Thoughts and observations about the Penn State child sex abuse scandal:

• After ridding itself of a coach it had employed for decades when it learned that coach, Joe Paterno, has failed to provide adequate, minimal protection for young people in its sports facilities, Penn State claims it has wised up, will install corrective policies and programs, and change its internal culture of arrogant athletic hubris. Then again, it said the same thing after the departure of Rene Portland as the school's women's basketball coach after she and the school were sued for discriminating against lesbian student-athletes.

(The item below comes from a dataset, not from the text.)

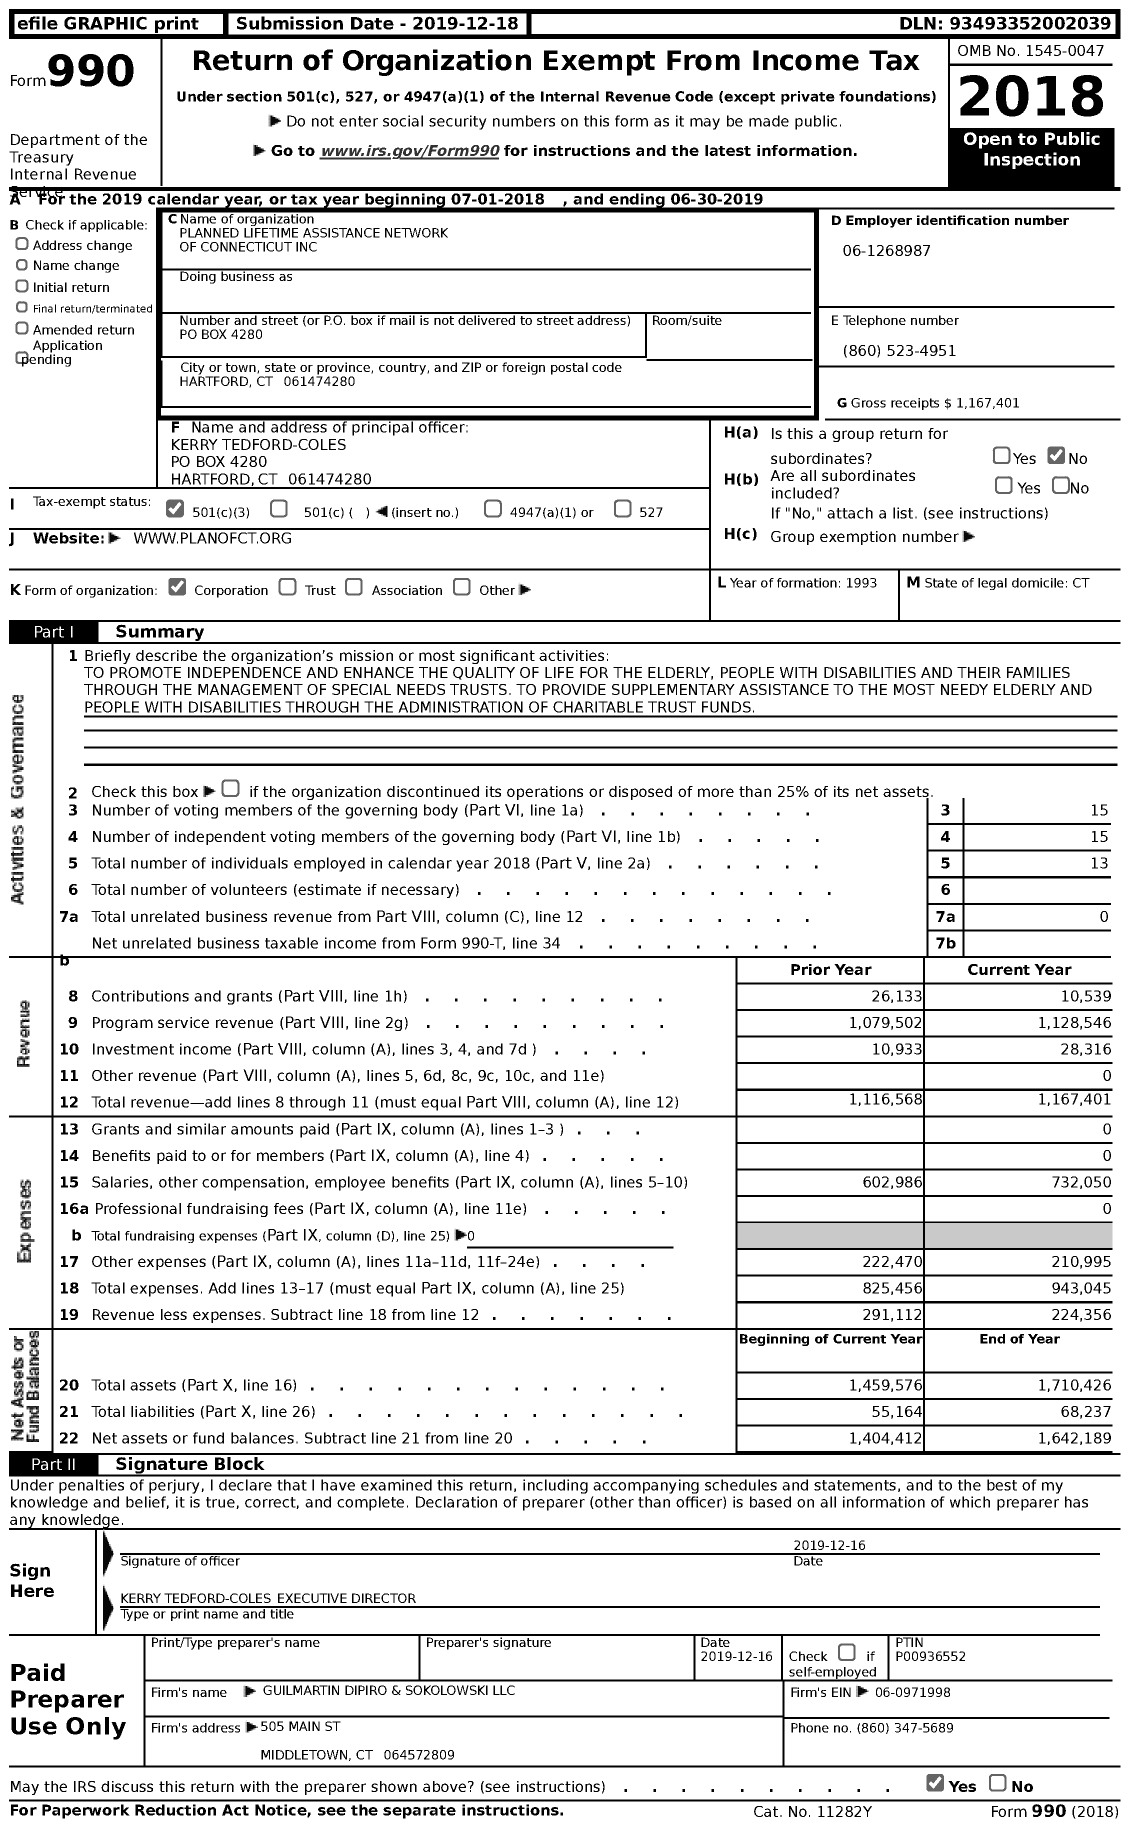 Image of first page of 2018 Form 990 for Planned Lifetime Assistance Network of Connecticut

• Cars.com reportedly was one of the first of half a dozen or so advertisers to pull its spots from Penn State football games, beginning with last weekend's 17-14 loss to Nebraska: a game, incidentally, which ESPN said drew twice the number of expected television viewers. Guess advertisers really don't like the idea of their money either paying the pensions for the former PSU officials who were involved in the cover-up or to be used for the legal fees in the lawsuits that undoubtedly will start stacking up any day now.

• I love school spirit, but what the hell were those students doing when they were overturning cars and rioting after the firing of Paterno for his failure to act on the initial reports his former assistant coach Jerry Sandusky was having sex with a minor in the Penn State locker room showers? Talk about clueless.

• Some good will come out of this grim situation if it results in governments adopting appropriate laws and organizations adopting appropriate procedures to help ward off similar abuses in the future and accelerate their proper reporting. Pennsylvania law, for instance, until this year did not have a requirement that school employees report their criminal histories; and Second Mile, the program Sandusky founded to help at-risk youths and through which he is now accused of having acquired victims, has not required background checks on its employees.

But laws and background checks are in and of themselves not sufficient protection. Sandusky, for instance, had no criminal background and statistics show that most pedophiles do not have previous criminal records. Intelligence, alertness, and the willingness to ask questions and confront situations are the first and best line of defense.

• On the flip side, there will undoubtedly be a chilling effect on volunteerism if the Penn State scandal triggers a witch-hunt atmosphere. False accusations or misinterpretations of spontaneous emotional expressions can discourage the kind of selfless support needed to provide the volunteer sport services at-risk youth benefit from the most.

• Beyond the disgust and rage over the alleged sexual assaults themselves, I, like so many others, am incensed at the institutional and individual failures in Happy Valley.

You see a kid being raped in a shower, you shouldn't run off to tell someone else and make it their problem, or worry about what effect reporting the incident might have on your career. Damn it, you step in and stop it then and there. An instant waited is an instant too long. You get the kid to people who can take care of him and you get the cops to deal with the assailant. Period.

An assistant tells you he saw something "disturbing" in the school showers involving a man and a child and you ask questions. You don't just pass the buck and plead ignorance later. And when the guy keeps showing up you keep asking questions.

If a coach tells you about an incident report, you don't try to bury it until the day a grand jury report comes out and accuses you of being a Nittany Liar: you bar the accused from your premises and set the legal inquiry in motion.

• If they were to make a movie about the Paterno era, they would create a portrait of the things that go so horribly wrong when a personality cult is allowed to overshadow the program it created and see itself as invulnerable to review.

In fact, I think I saw that movie the past weekend. It was called J. Edgar.